Collection entries >>
######
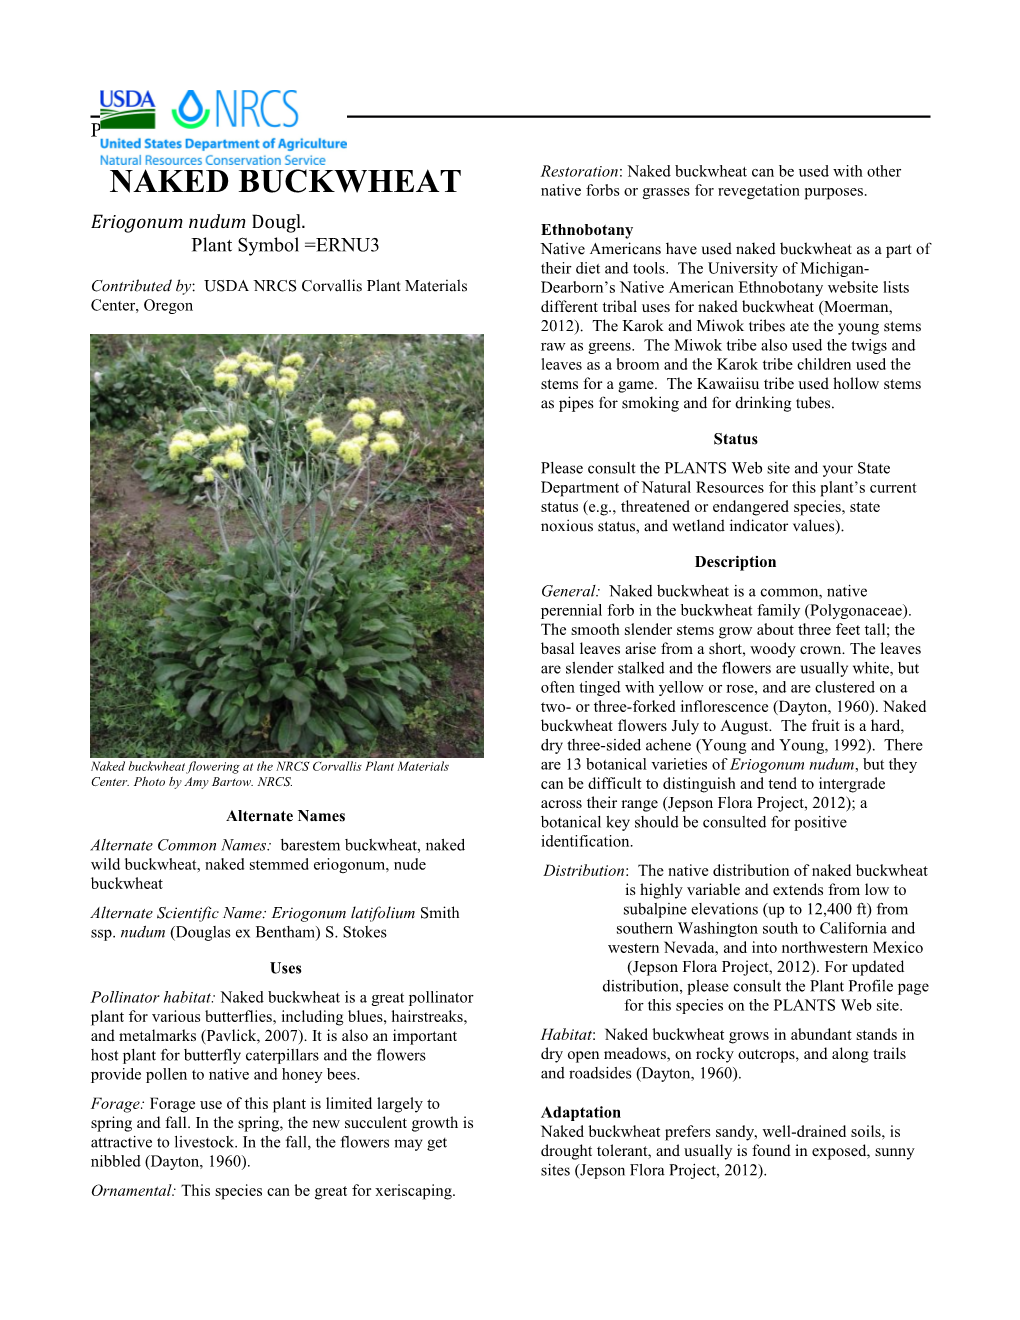 Naked Buckwheat
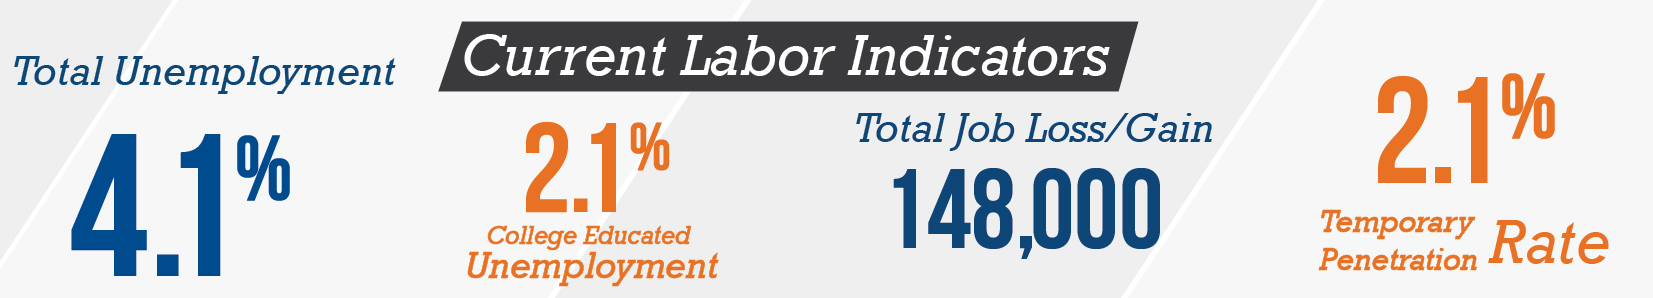 Current labor indicators
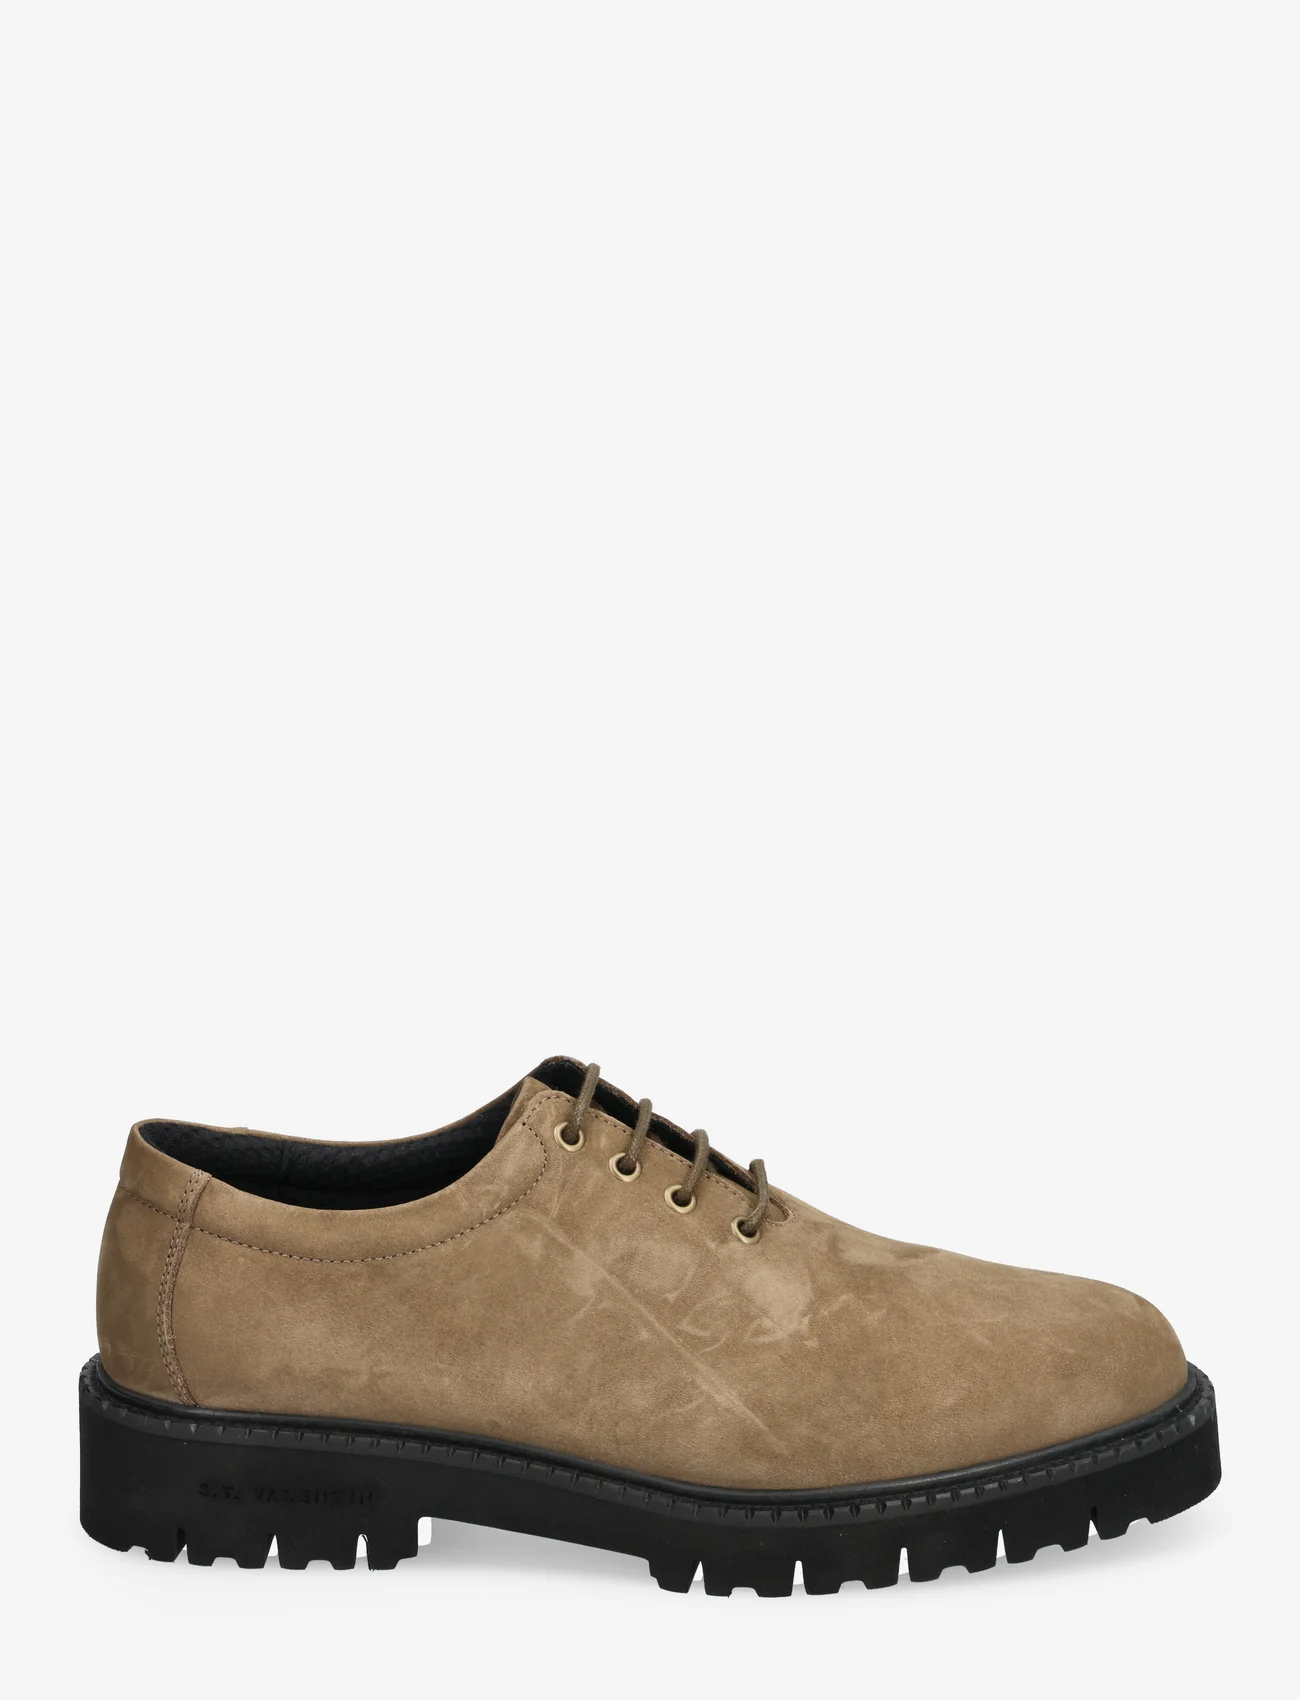 S.T. VALENTIN - Lightweight NSB - Grained leather - Šņorējamas kurpes - taupe - 1
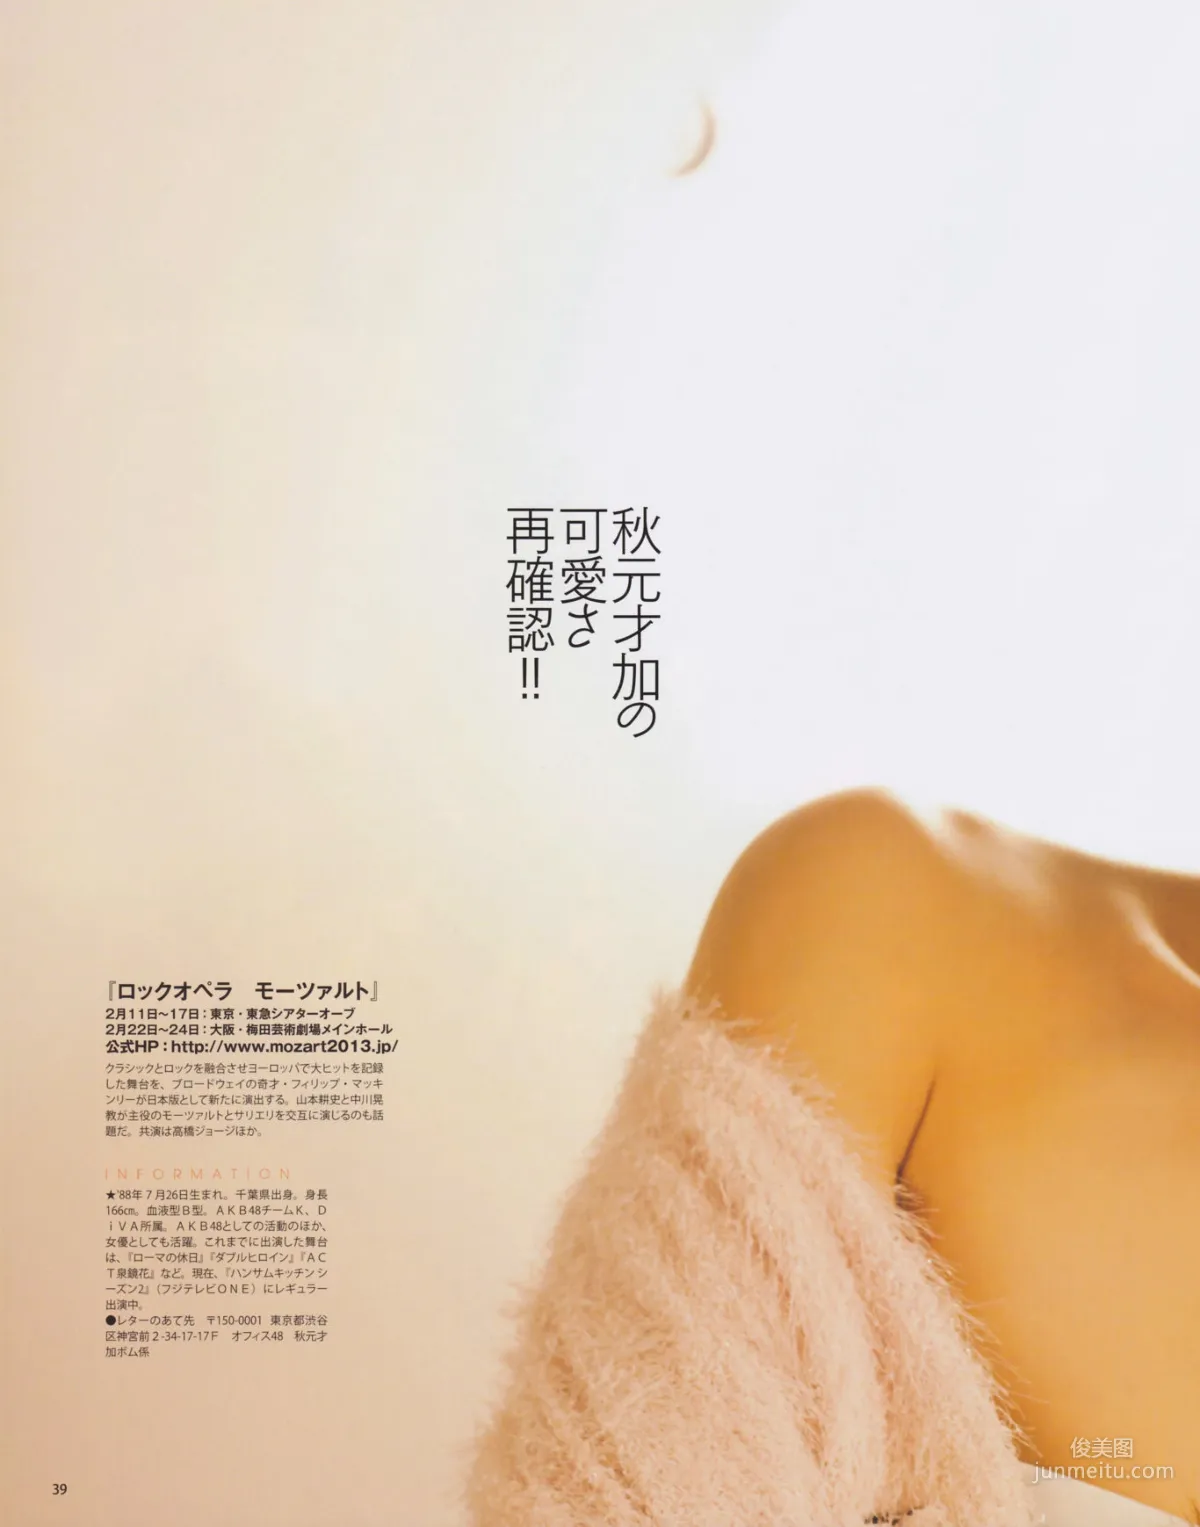 [Bomb Magazine] 2013年No.03 渡边麻友 秋元才加 AKB48 写真杂志27
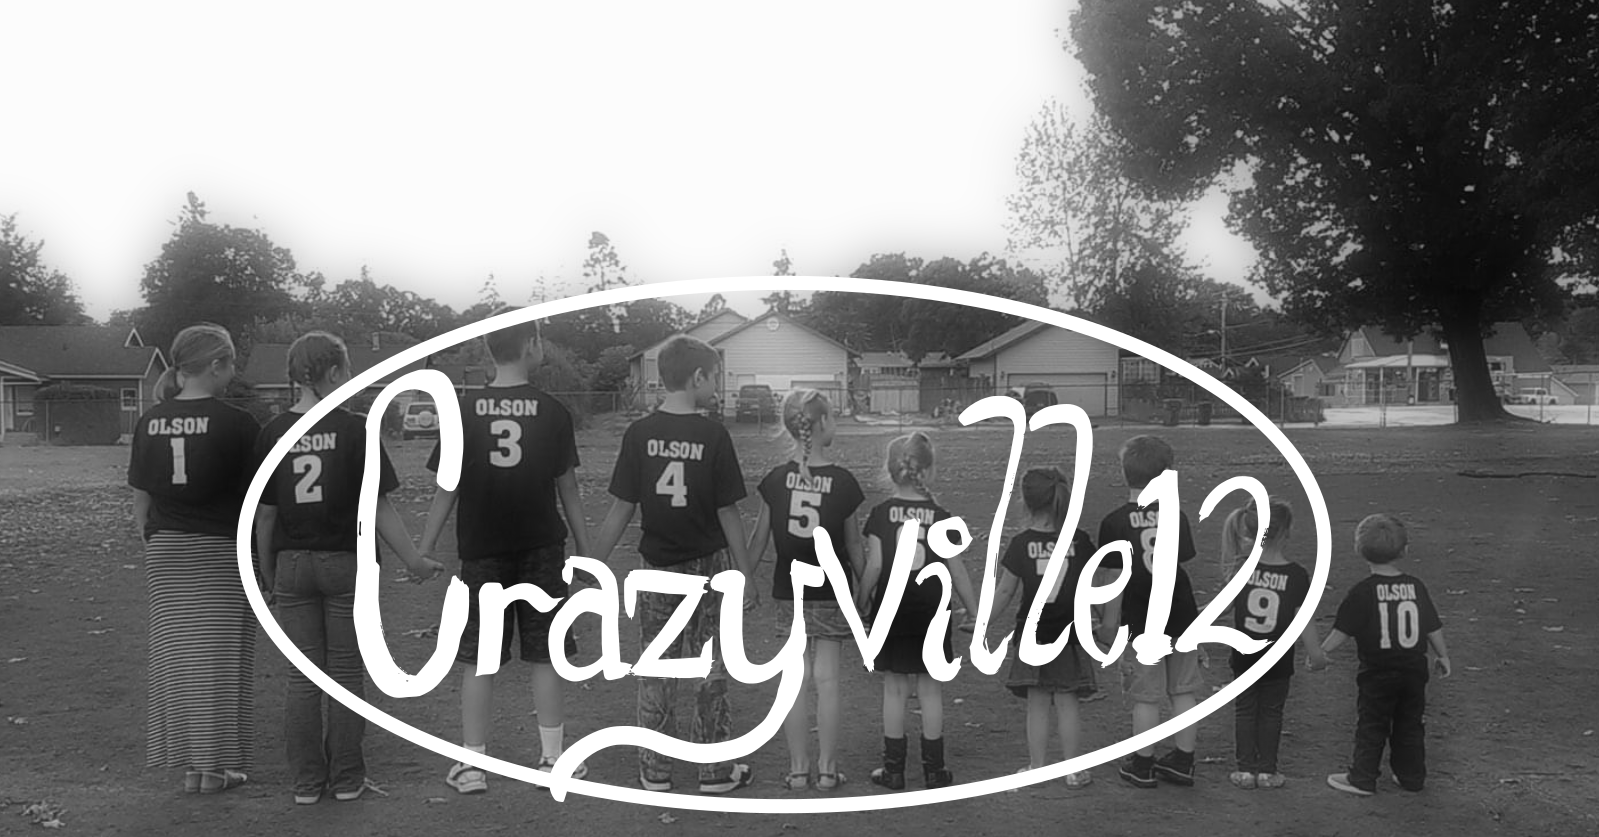 Crazyville12
######
WHAT TO DO >> Counting the line with "[Bomb Magazine] 2013年No.03" and the last line of the data above, transcribe those two lines and every line between them exactly, without the pictures.

RESULT OF THE EXERCISE >>
 [Bomb Magazine] 2013年No.03 渡边麻友 秋元才加 AKB48 写真杂志27
 Crazyville12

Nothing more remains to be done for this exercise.